Иван Сергеевич взял сына за плечи, повернул, подтолкнул впереди себя, и они вместе вошли в кухню.
— Успокойся, малыш. Ничего плохого ведь не случилось. Ты думаешь, я обманул тебя тогда? Нет! Если бы ты не спал, мы бы с тобой быстро договорились, я в этом уверен... Ты же у меня умный, мужественный... Ну, довольно, не девочка!
И Павлик утих. Сияющими глазами следил он за тем, как отец, пройдя к столу, тяжело повел затекшими плечами и, сняв узел, положил на стол.
— Что это, Ванюша? — спросила бабушка.
— Паек, мама. Взяли меня на работу в лесничество. Временно, правда...

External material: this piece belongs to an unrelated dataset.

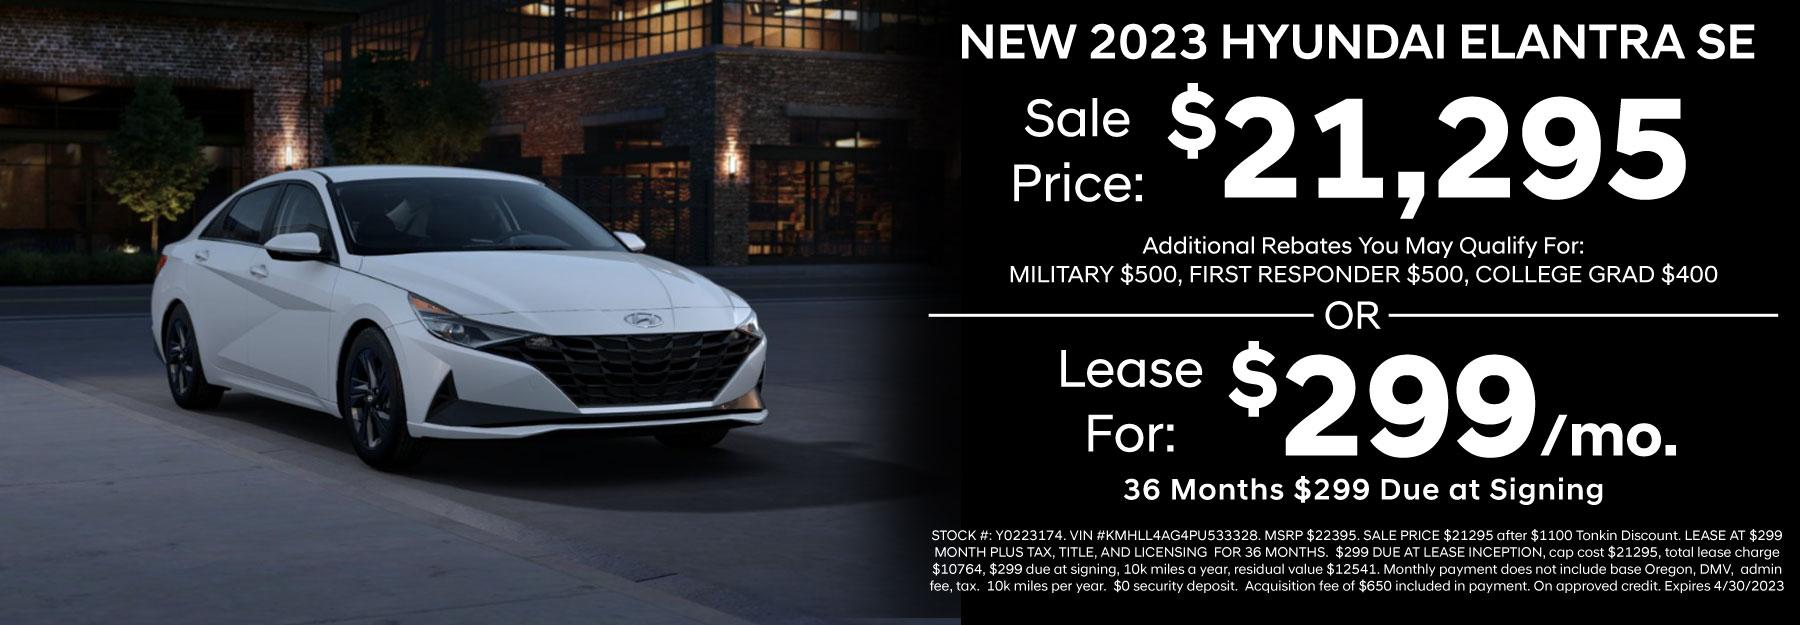 Hyundai Elantra Retail Special

— Да и вся-то наша жизнь временная,— чрезвычайно обрадованная, с готовностью подхватила бабушка.— Все мы на земле временные. И на том спасибо. Дед наш тоже какой паек принес — прямо чудо! И мука белая, и молоко вроде сметаны, густое и сладкое, и другое что... американы, слышь, помогают...
— Ну и у меня, наверно, такой же паек,— развязывая узел, ответил Иван Сергеевич.— Теперь ты, малыш, поправишься... Не горюй!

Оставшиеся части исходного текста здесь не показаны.